DIANE: What do you mean. Will?

WILL: 1’11 pass, but thanks.

OTTO: Criticism is very hard for me too.

NED: Not for me. People who criticize are often just jealous so I’m not going to let it get to me.

THERAPIST: Mmm. Is Ned talking about us? Are we a jealous group?

Silence; the group seems mystified.

Several members move to other subjects, which Dr. Pat soon connects to “Ned’s idea of jealousy.”

Members pick up the ideational thread. Like Ned, they focus on being the target of jealousy, freely dispersing criticism and blame to outside forces.

therapist (with ironic exaggeration): So much comfort with anger and frustration! A good way to express your own jealousy!

The session is ending—no opportunity to further contextualize jealousy within the group. The members had gone deeper in their exploration of psychic reality and that had satisfied the therapist. A nuclear idea had emerged, a unifying theme with personal resonance (Billow, 2016). Even for the leader who realized that jealousy of “better” groups and experienced group leaders had contributed to the therapist’s disaffection. Dr. Pat felt gratitude towards Ned and the whole group for this disinhibiting insight, which would be useful in future sessions.


No one said that running groups is easy, or that it should be. To organize a group and make it transformative, the leader must be both “woman” enough to establish preverbal bonding and “man” enough to enter in and fascinate with language (Billow, 2013a; Harper & Rowan, 1999; Lacan, 1977/1953).

An essential aspect of the professional/personal “Me” involves, then, existing in one’s own mind as a complex, procreative partner to each person (and to the group-family) and exposing this self in words and behavior. If the leader feels or is “de-skilled” by the group, he or she is effectively neutered or castrated and cannot successfully carry out the dual symbolic role.

1 used my own experience in responding to Dr. Shay’s assignment to illustrate key relational principles. The first is the emphasis on intersubjectivity, that is, on relationships, internal and external, and their dynamic, life-supporting qualities. The second is a rejection of the classical model of the healthy analyst and neurotic patient or group. Those we treat and we ourselves have transferences and other perplexing, often unconsciously motivated emotional and cognitive responses. Therapeutic relationships are reconceived in terms of co-constructed or mutually inspired interactions that are worthy of understanding rather than evaluated in terms of pathology.

Third, psychoanalytic purification (Freud, 1912), resulting in ideal equanimity, detachment, and clinical objectivity, is an impossibility. Moreover, such a posture constrains us from accessing and creatively utilizing our own subjective experience in connecting to others. Rather than aiming at a false “professional” stance, we need to possess and convey a warm, human presence.

Finally, as therapists, we are subject to compelling social forces, remain embedded in them, and enter group representing deeply rooted identifications, perspectives, and reality beliefs based on ethnic, national, and political affiliations, economic status, gender, sexual orientation, race, age, and so forth.

1 suspect that all theories, formulations, and case presentations, such as my imaginative revision, are in some ways retrofitted or aligned to the personality of the formularizer.

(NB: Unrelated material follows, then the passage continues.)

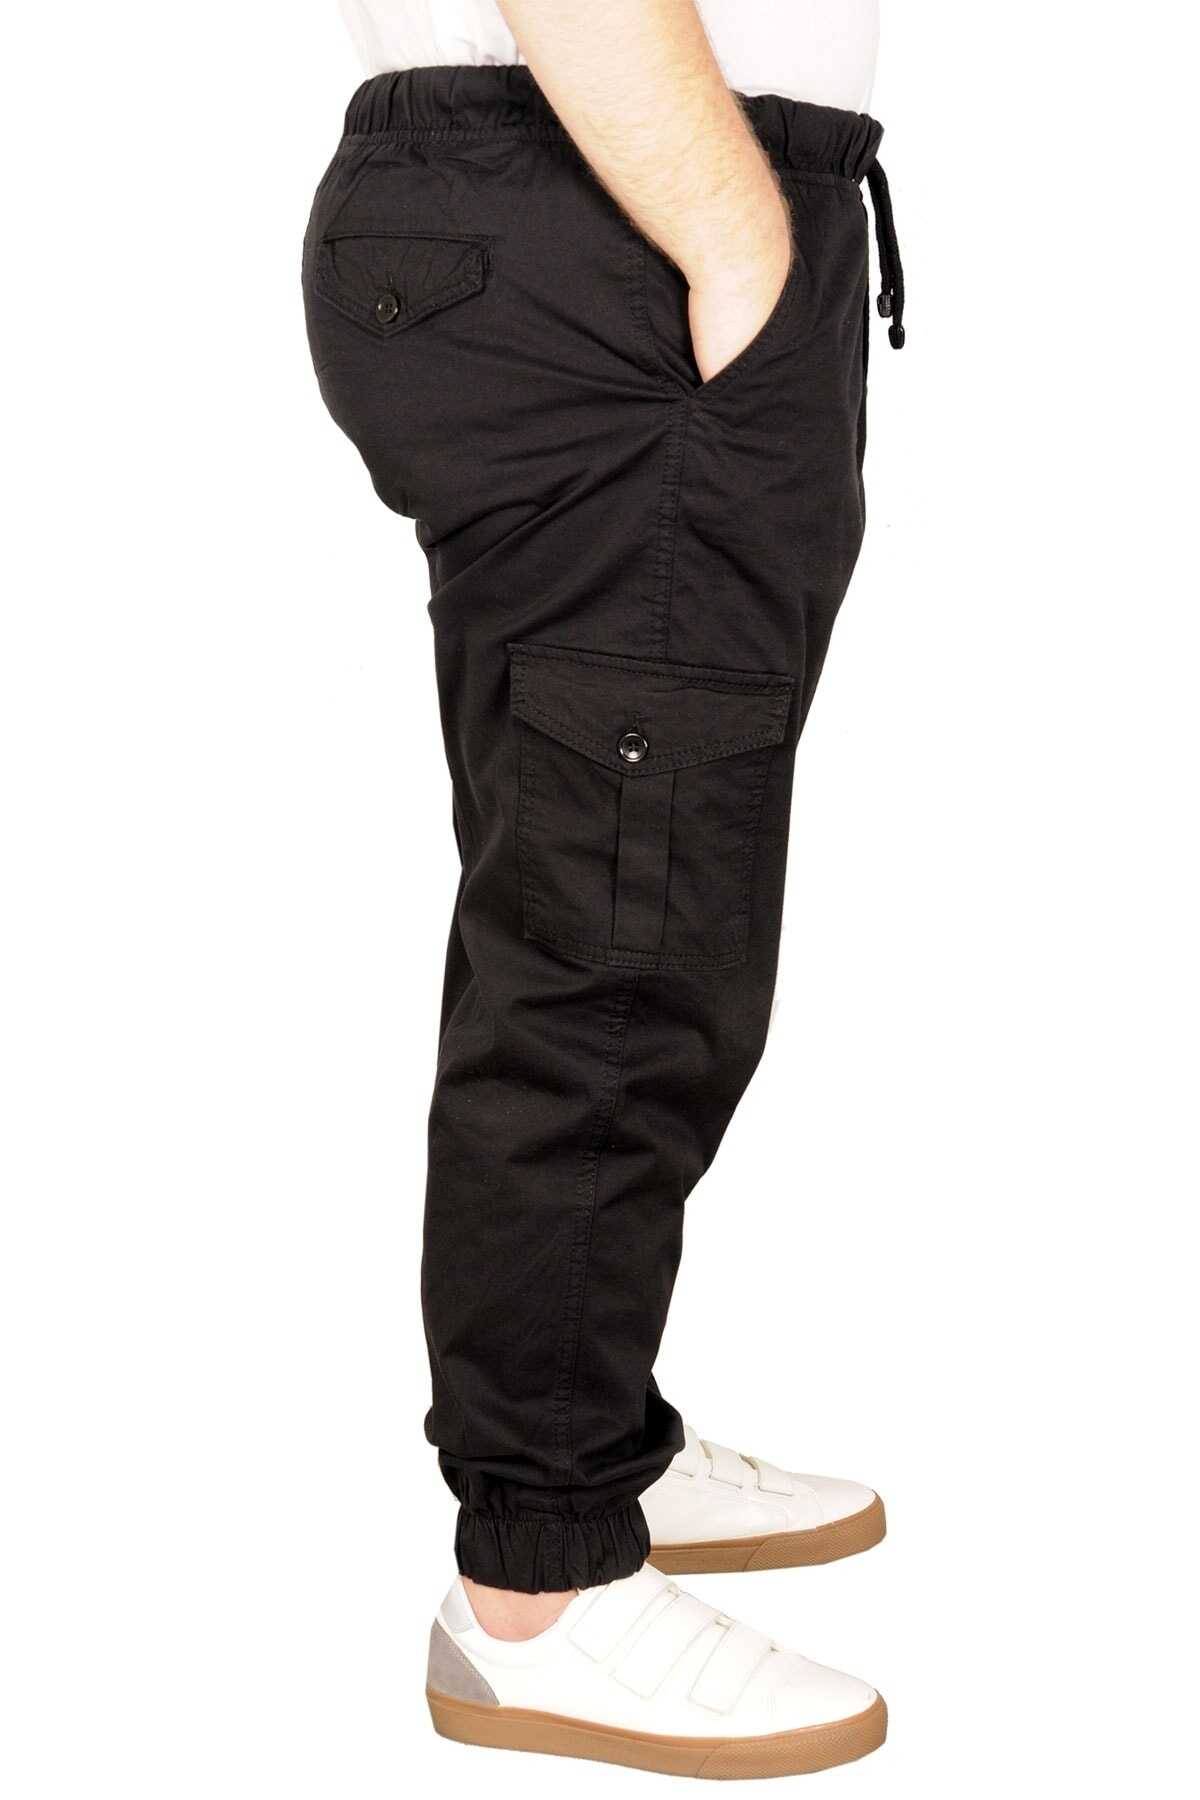 شلوار کتان سایز بزرگ گت دار کمر کش بندی جیب دار مشکی برند ModeXL

Therapists of all persuasions bring foundational concepts to clinical work, which provides structure and direction—shifting mindsets that lead to certain paths and potentialities but may foreclose others. Ideally, we allow ourselves passage to other places by other thinkers, particularly by our group members. If the therapist is emotionally open and creative, new mental pathways may be tested.

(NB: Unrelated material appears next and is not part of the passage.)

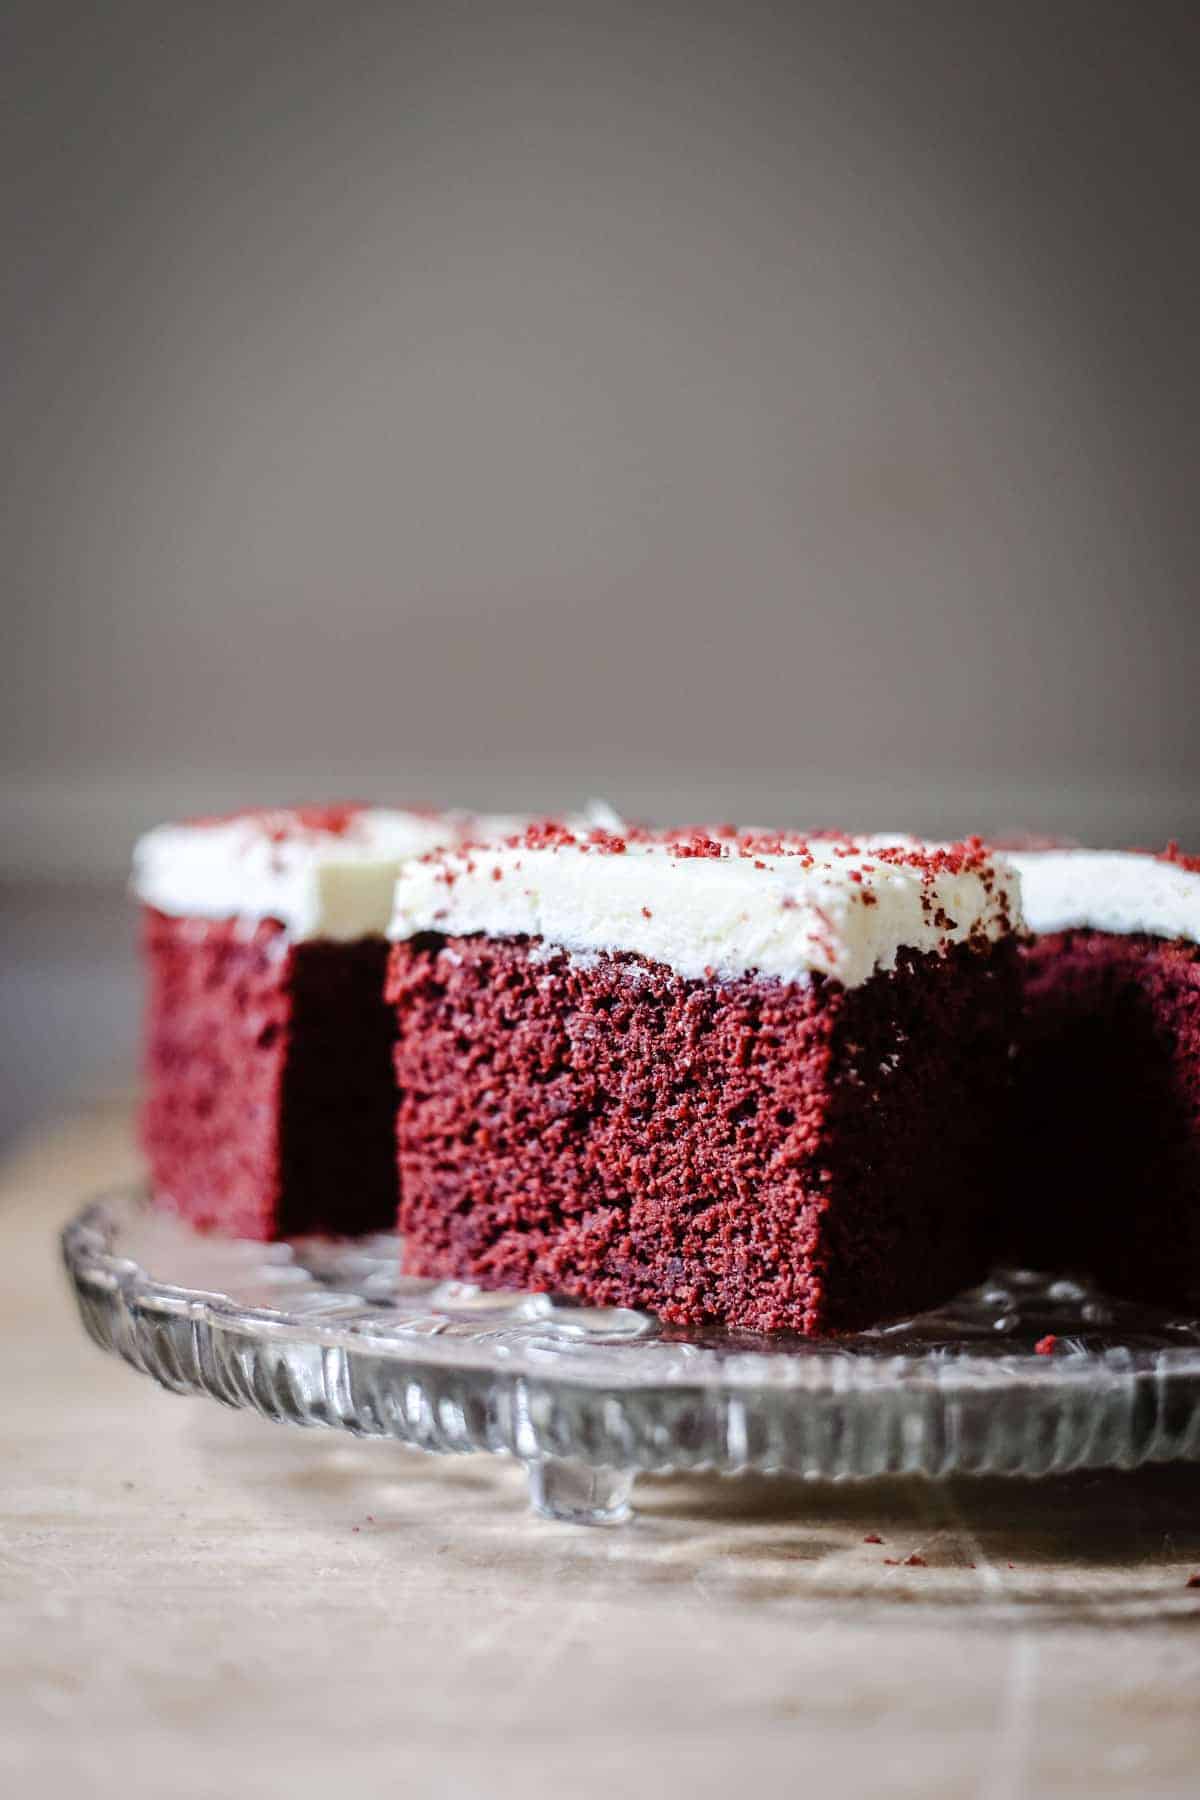 A plate of Gluten-Free Red Velvet Cake slices

  • 1 Dr. Shay’s (2017) invitation to illustrate Billow’s approach to group therapy is further described in the editor’s note to Section I.
  • 2 In actuality, we have three adult children. I gave birth to a fourth child because apparently, even in a dream, I could not bear to part with one of our own. Likely, too, the child was the assignment itself.
  • 3 The analyst’s “internal and external dependencies, anxieties, and pathological defenses...[respond] to every event of the analytic situation” (Racker, 1968, p. 132).
  • 4 The original group vignette can be found in Shay (2017).